If you believe you have found a security vulnerability in Containarium, please report it privately. Do not open a public issue, discussion, or pull request that describes the vulnerability.
- Preferred: GitHub's private vulnerability reporting at https://github.com/FootprintAI/Containarium/security/advisories/new.
- Email:
devops@footprint-ai.com(use the subject prefix[security]and includeContainariumso it's routed correctly).
In your report, please include:
- A description of the issue and its potential impact.
- Step-by-step instructions to reproduce, including affected commits / released versions if known.
- A proof-of-concept if you have one. Suspected severity is helpful but not required — we will triage.
We will acknowledge receipt within 3 business days and aim to provide a substantive response (initial triage, severity assessment, expected remediation timeline) within 10 business days.
We follow coordinated disclosure:
- We will work with you to confirm and fix the issue.
- Once a fix is available, we will release a patched version and publish a GitHub Security Advisory crediting the reporter (or remaining anonymous on request).
- We ask that you give us at least 90 days from the initial report before public disclosure, unless a shorter window is necessary because the issue is being actively exploited.
Containarium is pre-1.0; security fixes land on main and are
included in the next tagged release. There is no LTS branch.
Operators running prior releases should upgrade to the latest tag.
| Branch / version | Supported |
|---|---|
main |
✅ active |
| Latest release | ✅ active |
| Older releases | ❌ upgrade |
The following are explicitly out of scope for this policy. Please report them as normal issues if you'd like to discuss them:
- Findings against forks or unofficial builds.
- Issues that require an attacker who already has shell access to a
daemon host (
rooton the host owns everything; that's the trust boundary). - Vulnerabilities in third-party dependencies that don't affect a
Containarium use case. (We track Go advisories via
govulncheckin CI; if you find one we missed, please report.) - Denial-of-service via unbounded request volume against a single daemon (operators are expected to put rate-limiting in front of internet-facing endpoints).
The project's CI runs three security scanners on every push to
main and every pull request:
- gosec — Go static analysis (SAST). Findings upload to GitHub code scanning as SARIF.
- govulncheck — Go vulnerability database. Fails the build when a known-fixed vuln is detected; tolerates upstream-unfixable advisories with a documented exception.
- Trivy — dependency vulnerability scan (CRITICAL + HIGH).

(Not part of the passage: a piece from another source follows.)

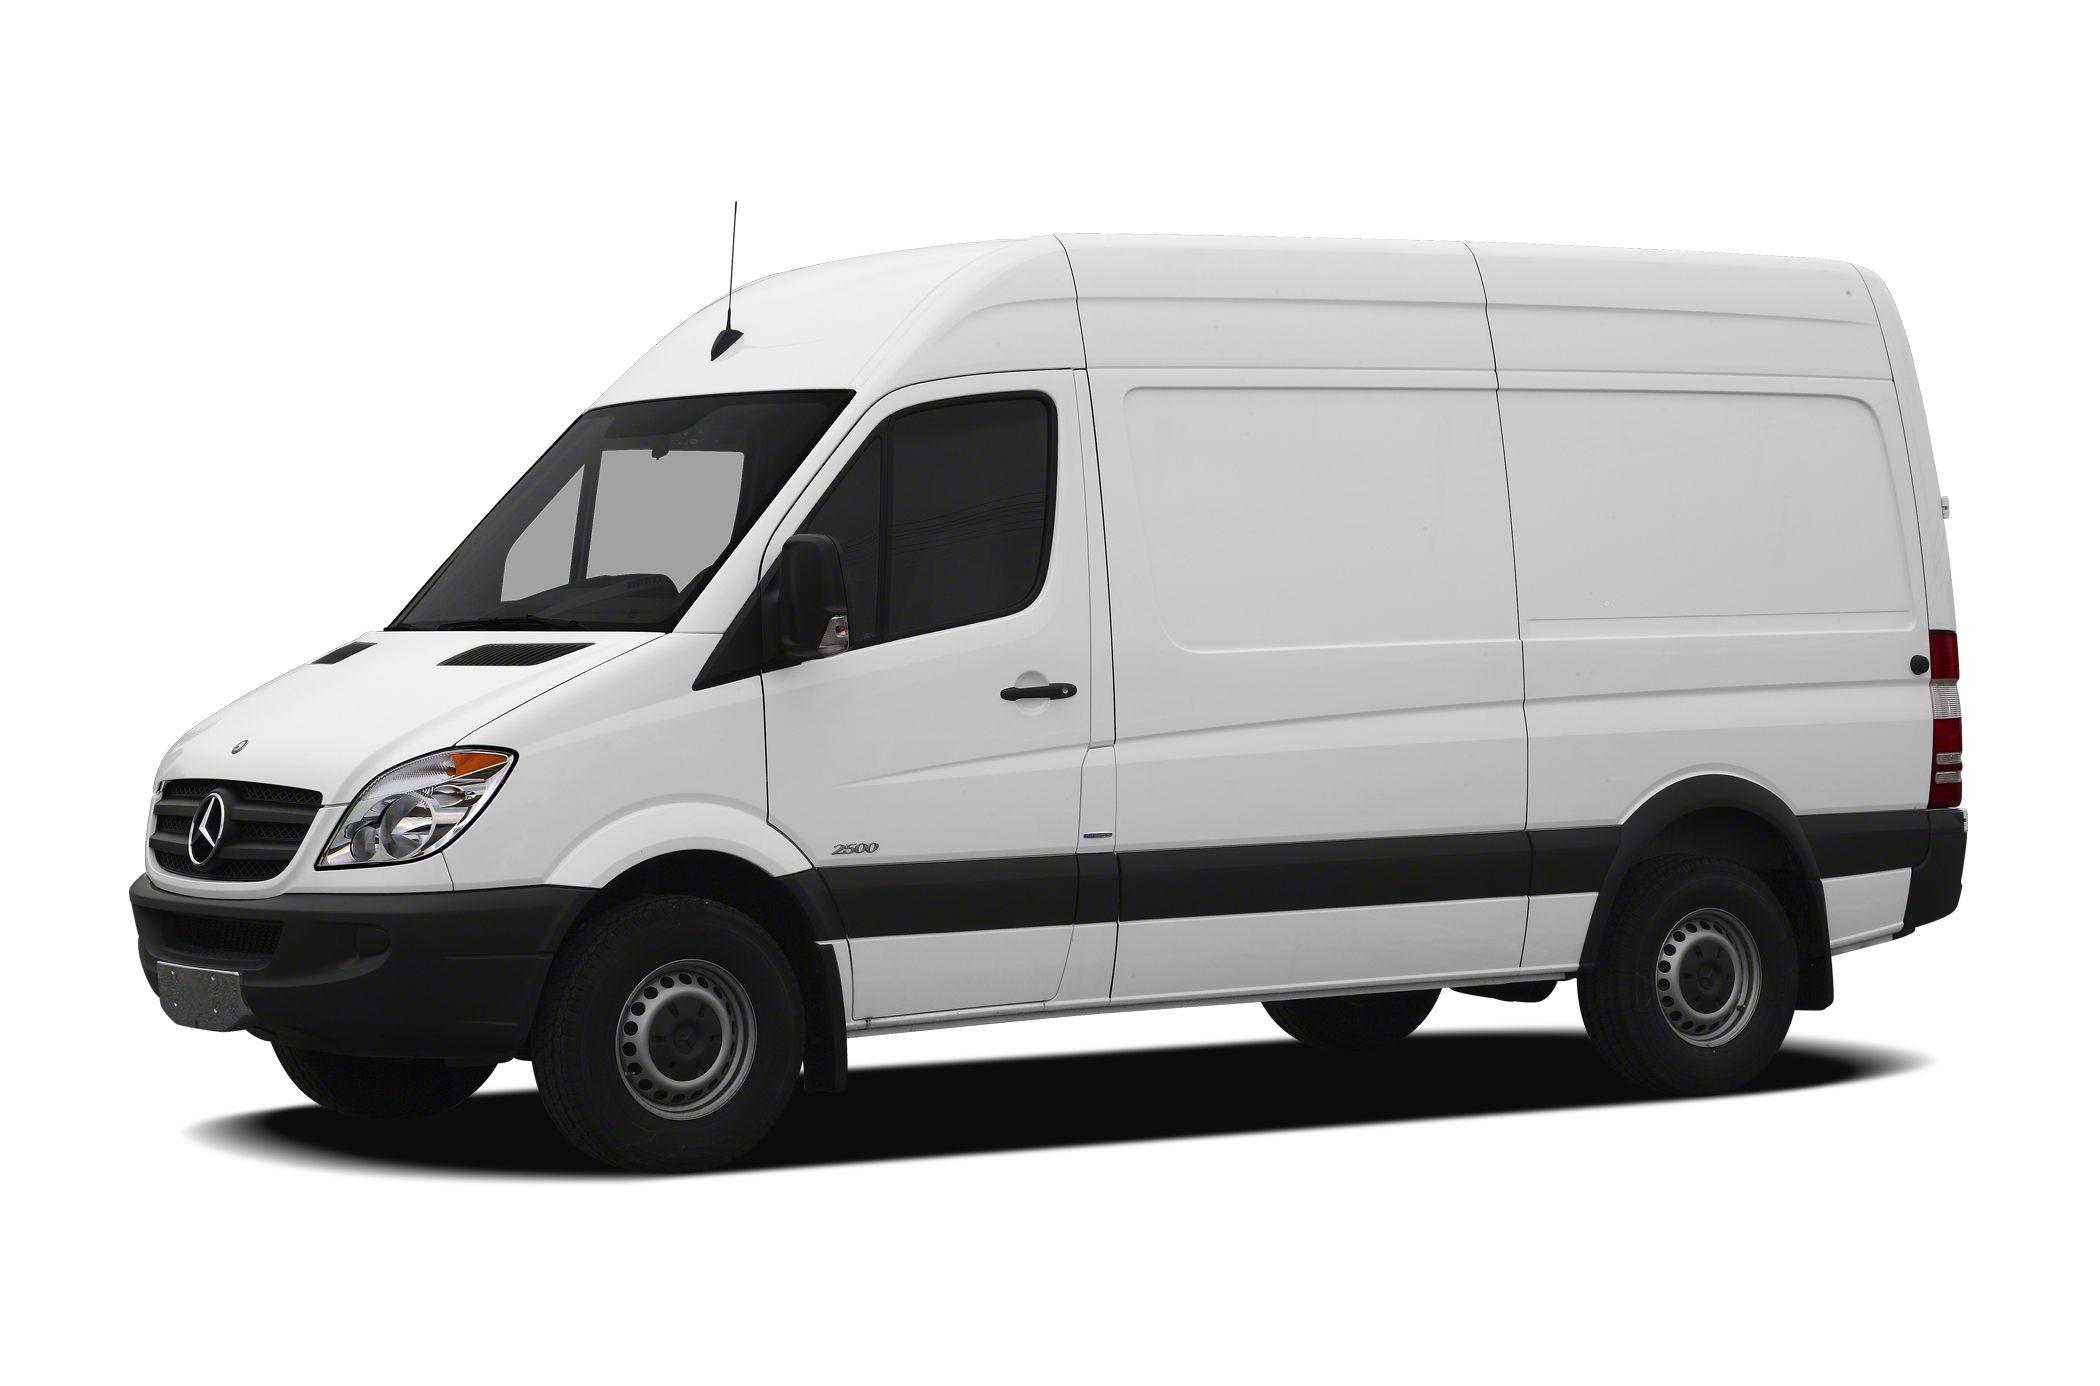 ce975c52766 High Roof Sprinter Van 2500 Cargo Van 170 in. WB 2010 Mercedes-Benz  Sprinter Van Specs

Findings upload to GitHub code scanning.
The workflow lives at
.github/workflows/security.yml.
A point-in-time zero-trust security audit (May 2026) drove the
hardening tracked in
docs/security/ZERO-TRUST-TODO.md.
The findings are folded into PRs tagged sec/zero-trust-* in the
git history. Major shipped items at the time of writing:
- Per-RPC RBAC + OAuth2-style scope enforcement (PRs #246, #247, #251, #253).
- Short-lived access tokens + refresh tokens with single-use rotation (#254, #255).
- JWT revocation list with CLI / RPC kill-switch (#248, #249).
- WebSocket subprotocol auth (#245).
- Wake-handler source-IP lockdown (#244).
For the full open / closed status, see the audit TODO doc. For day-to-day operator procedures (token rotation, leak response, least-privilege agent tokens, audit-chain verification), see the operator security runbook.
Security reports help keep Containarium operators safe. We're grateful to everyone who takes the time to find and report vulnerabilities responsibly.